Oireachtas Joint and Select Committees

Wednesday, 6 November 2019

Select Committee on Finance, Public Expenditure and Reform, and Taoiseach

Finance Bill 2019: Committee Stage (Resumed)

Photo of Paschal DonohoePaschal Donohoe (Dublin Central, Fine Gael) | Oireachtas source

The Deputy has raised this issue with me on a number of occasions. My decision not to make the change in recent budgets has been driven by cost as reducing the exit tax rate to 33% would have a full year cost of €25 million. Notwithstanding this potential Exchequer cost, there are other issues that I have had to take into account. As the Deputy will be aware, in 2018 a review was undertaken to compare financial products subject to DIRT and life assurance exit tax. The review concluded that the products subject to DIRT and life assurance exit tax are different in a number of respects, namely, the level and application of fees to clients, the level of risk and return and potential losses, and the way in which they are taxed. While there may previously have been similar rates of tax, the differences identified show that it is not simply the case that the two products are comparable because a similar rate of tax applied to them or that the rates are so inextricably linked that they should always be reduced in tandem. In summary, there were resource reasons for my decision not to pursue the course of action the Deputy advocates. Those issues aside, there are also policy matters that show that it should not be a given to make an inextricable link between the tax rates on both products.

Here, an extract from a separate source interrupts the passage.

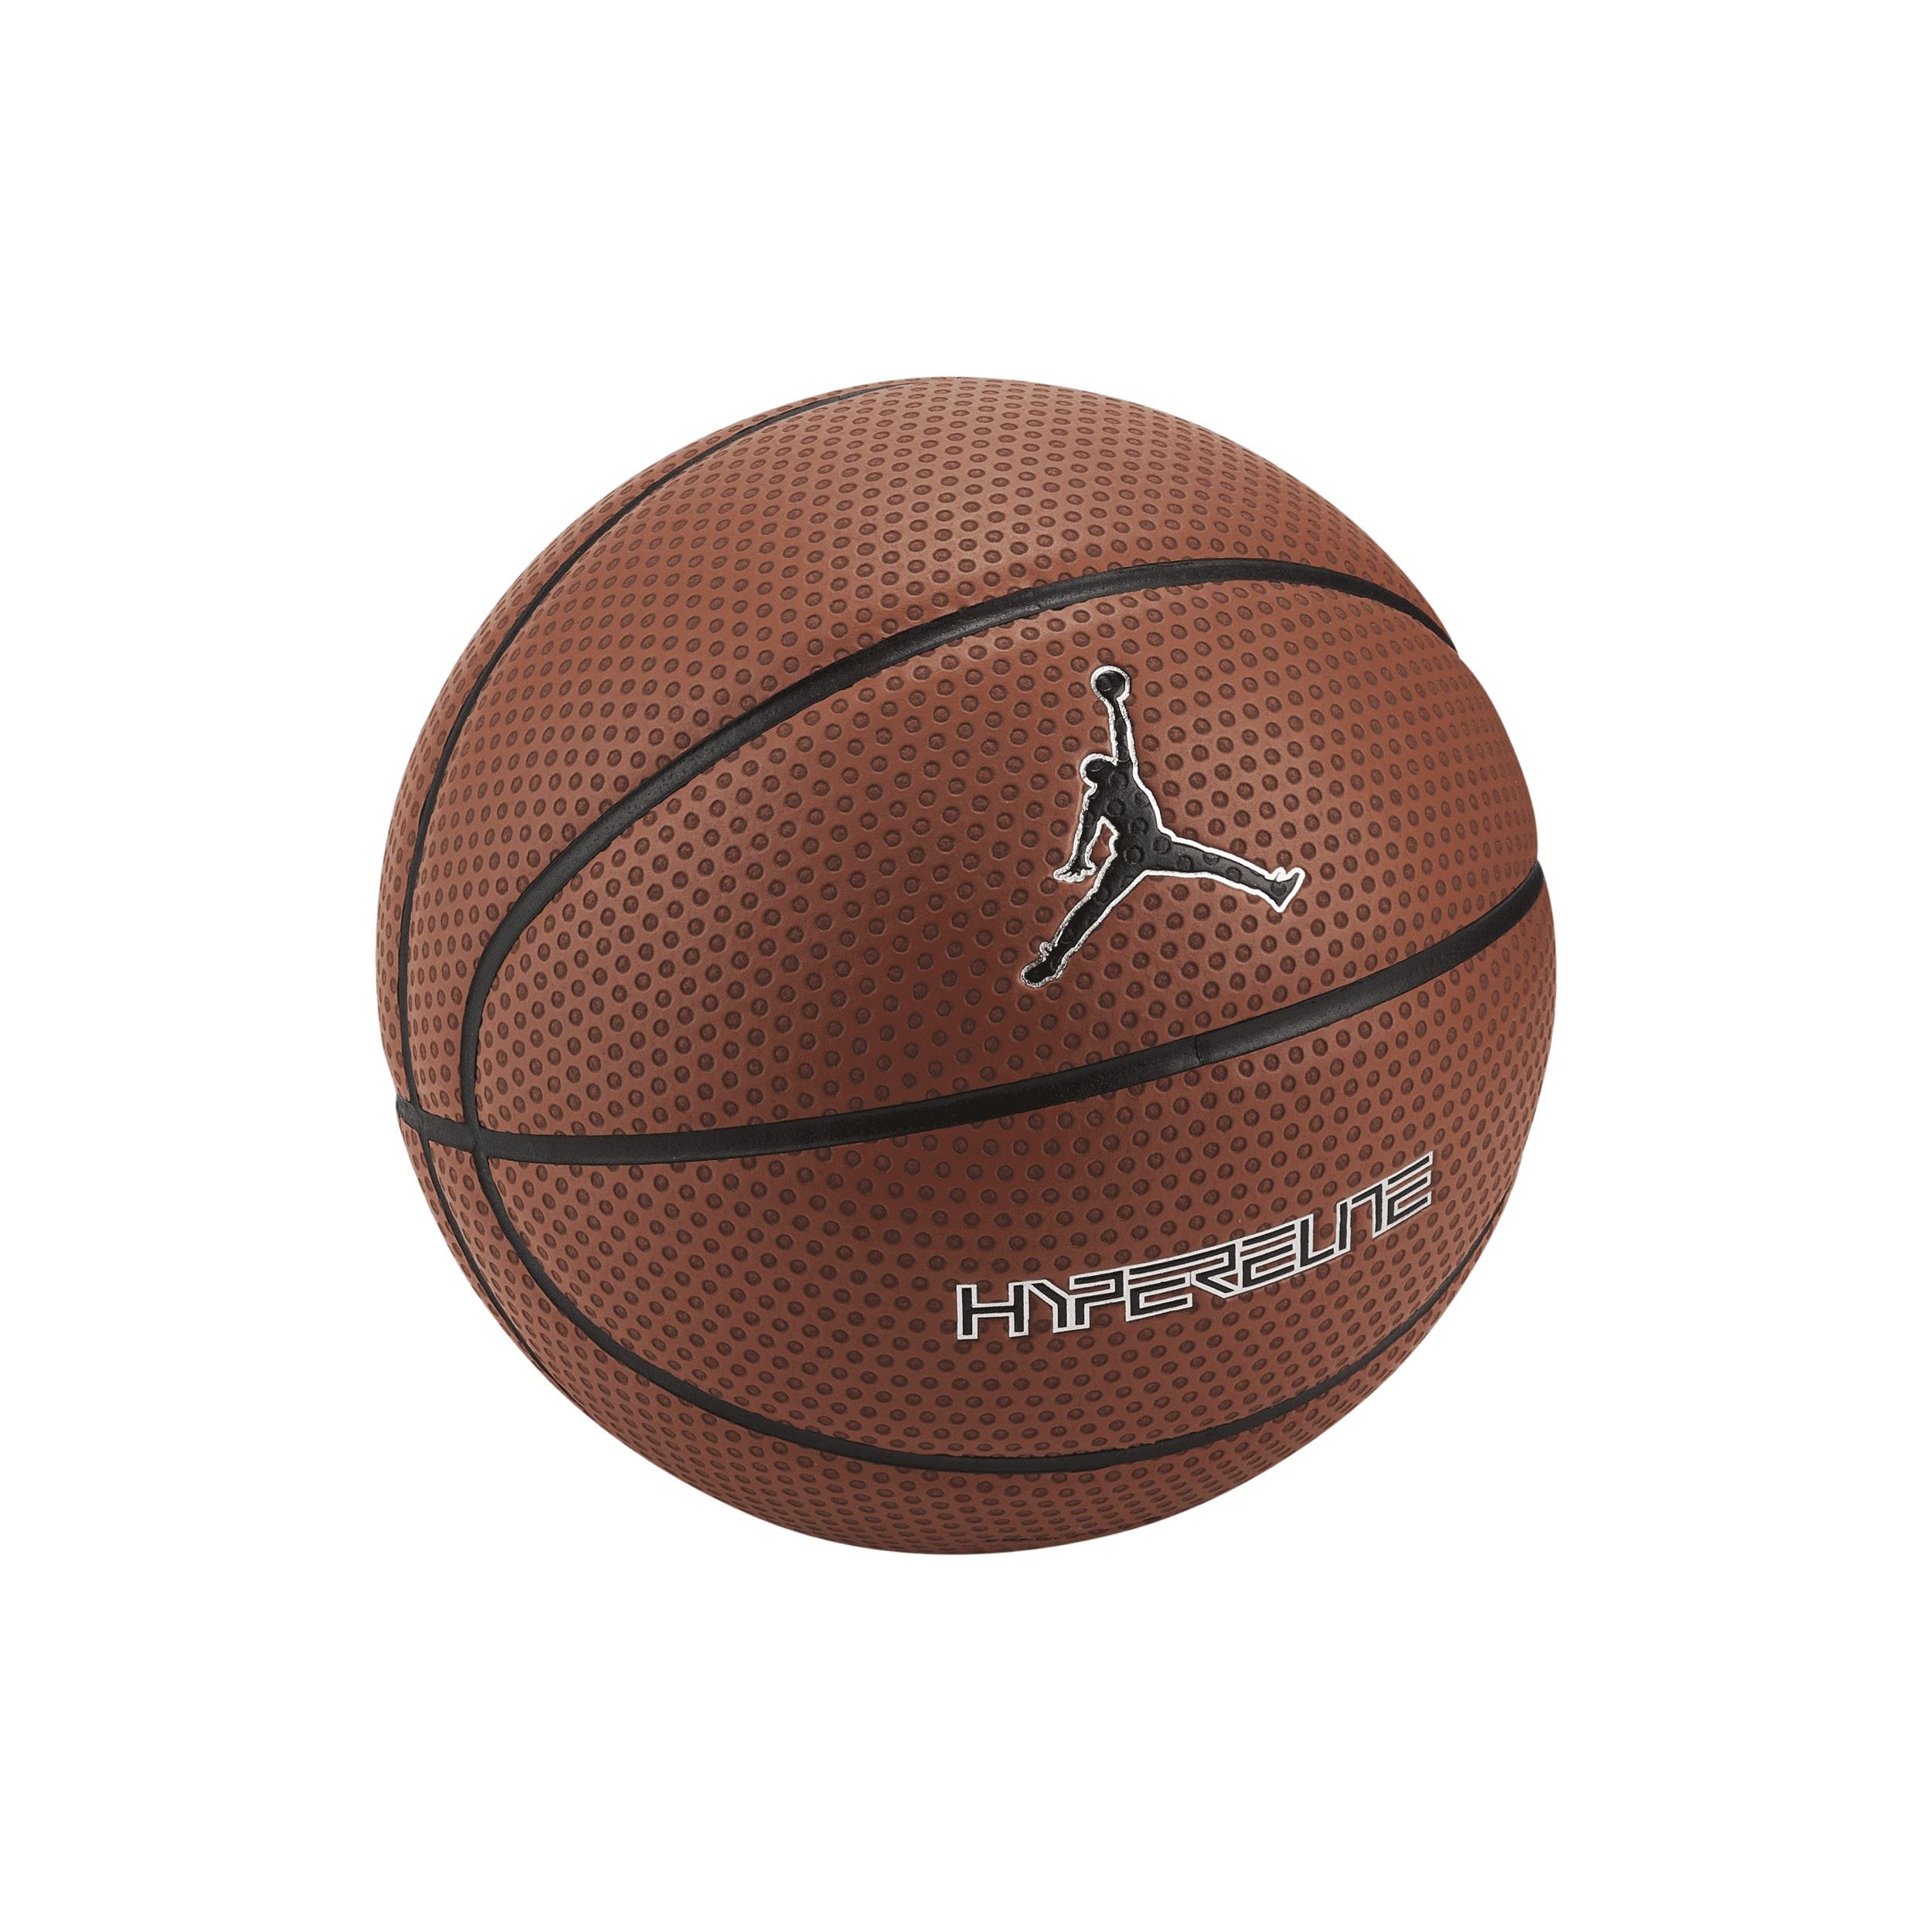 Jordan Hyper Elite 8P Basketball (Size 7) by JORDAN

That said, the Deputy's point on the potential long-term consequences of a tax differential is important and one we will need to consider. I am prepared to give this matter more detailed consideration through a paper in the tax strategy group process. I will have that paper done next summer and I will use it as a way to re-examine the issue in the run-in to next year's Finance Bill. There are some longer-term matters that we will need to take account of. In light of the commentary on what will happen to interest rates in the medium term, the tax differentials we are discussing take on a different context.